From the blog surpriseslikespringrain.com April 20, 2019
If you’ve been following along with my Instagram adventures or this blog for a while, then you know that last year I completed the 2018 Seattle Independent Bookstore Day Challenge! *crowd goes wild* For those of you who are new here, let me explain:
Every year, on the last Saturday of April, it is Independent Bookstore Day nationwide, and in Seattle we booknerds go all out. Starting in 2015, Seattle’s indie bookstores collaborated to create a “daylong celebration of the work [they] do and the readers and customers who make it possible. [They] offered many of the same events and exclusive items as [their] colleagues across the country, but [they] also introduced the Passport Challenge, encouraging readers to get their passports stamped at as many participating stores as possible on Bookstore Day. Those who get their passports stamped at every participating store that day are crowned Grand Champions, with a crown, a party, and best of all, a 25% discount at all participating stores for the following year.” (Source: Seattle Independent Bookstore Day website)
In order to complete the challenge , you have to visit all participating bookstores in one day and get your passport stamped. Last year you had visit 19 of the 23 locations, and this year you have to visit 21 bookstores, as two new stores have joined the event! Please note that, despite only having to visit 21 individual bookstores, there are 26 physical bookstore location options, as some participating indie bookstores have multiple locations (such as Third Place Books and the UW Bookstore). Don’t worry, you only have to visit 21 stores, not all 26 options! This includes bookstores outside of Seattle, including some as far West as Poulsbo (think ferry rides), as far North as Edmonds, and as far East as Kirkland. The driving time alone is estimated by Google Maps to be 6 1/2 hours. Despite the hefty driving distance and the threat of Saturday Seattle traffic, the number of Grand Champions has grown rapidly from 42 in 2015 to 500 Grand Champions last year! (GO US!)
While I wouldn’t call the challenge difficult, per say, it does require some forethought and planning, and when Fred and I decided to participate last year, we immediately set our librarian skills to use searching for recommendations, tips, and suggestions from previous participants. While we found a few articles and blogposts (see list below), overall we noticed that there was a distinct lack of advice on how to tackle the Challenge, which led me to writing this post! This post is an updated version of last year’s guide (which can be found here) and will focus on the resources and four planning tips that we used to prepare for a successful book adventure. I hope it will inspire and guide you on your quest to become a 2019 Seattle Independent Bookstore Challenge Grand Champion!
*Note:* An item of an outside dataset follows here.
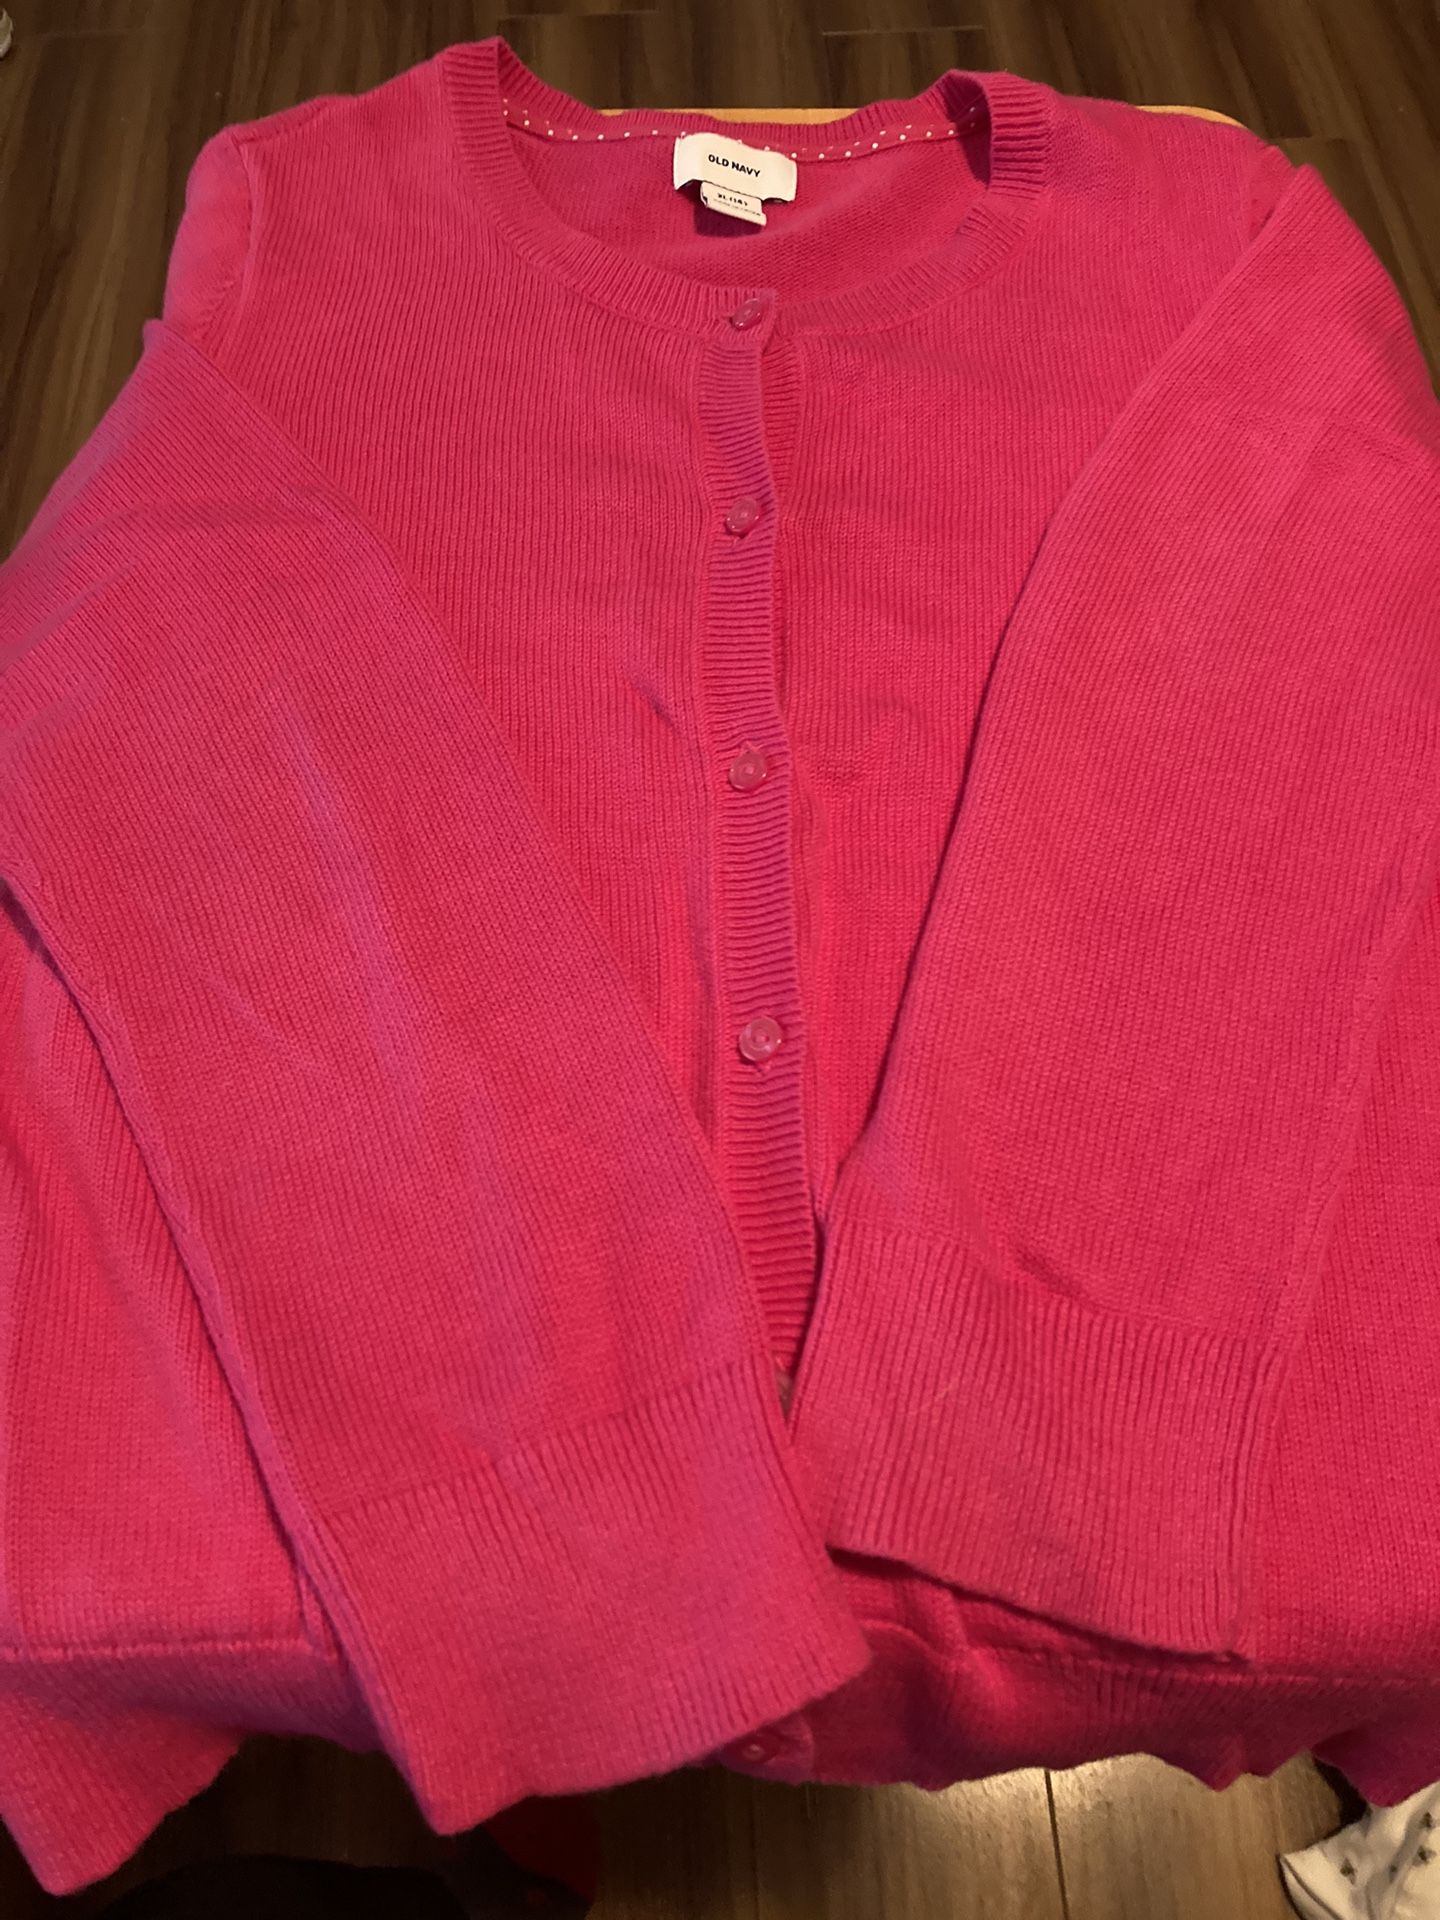 Old Navy Pink Knit Cardigan - Size Youth XL(14)

Tip 1: Find a Booknerd buddy to do the Challenge with you
Two Booknerds are Better Than One
There is an estimated 6 1/2 hours of driving alone (not including stops) for this challenge, and with parking being a hassle in Seattle, it’s easiest if you have an adventure buddy who can act as a copilot/directions expert, split the driving with you, AND can swap driving in circles around the block for those parking-light bookstores in Seattle. Plus, it’s just more fun to share an adventure with a friend, and it’s easier to stay motivated when you have someone laughing with you along the way!
Tip 2: Do your research!
You have to know what to expect in order to make a good plan
As I mentioned above, Fred and I, being librarians to our cores, did some research before attempting our adventure, and found five useful resources for planning our adventure. We found:
1) This just recently released 2019 article from The Seattle Times that outlines what the day is all about with a few tips for success from a the author (who is a seasoned participant). This article is a bit of a hybrid of articles 2 & 3.
2) A general overview of the fun in The Seattle Times from 2018, which gave us a since of the atmosphere of the event, as it covered the author’s favorite memories from the previous year’s challenge.
3) This more detailed write up from 2017 published in The Seattle Times titled “How I’m going to speed through 19 bookstores on Independent Bookstore Day.” Written by the same author (Moira Macdonald) as resource 1 and 3, this article gave a more in depth look at how one should plan their route.
4) This wonderful blogpost by Catherine Bull titled “Seattle Independent Bookstore Day Adventures: The Sequel,” which was, tbh, the most useful resource for us, as it is the most detailed and recent breakdown of how to successfully complete the Challenge that we found. You can read it here:
Catherine also has a 2018 post and a 2019 post (though note, she isn’t planning on doing the full loop in 2019).
5) Last, but not least, one of the most important planning resources you can have is the Seattle Independent Bookstore Website, where you will find a list of participating stores, their addresses, and the hours of operations for each store. It is crucial to consult the official website when planning, especially in regards to store hours, because many of the stores had special hours for Bookstore Day, which was not reflected on Google Maps. You can also ask questions and get tips from fellow booknerds on their FB page here.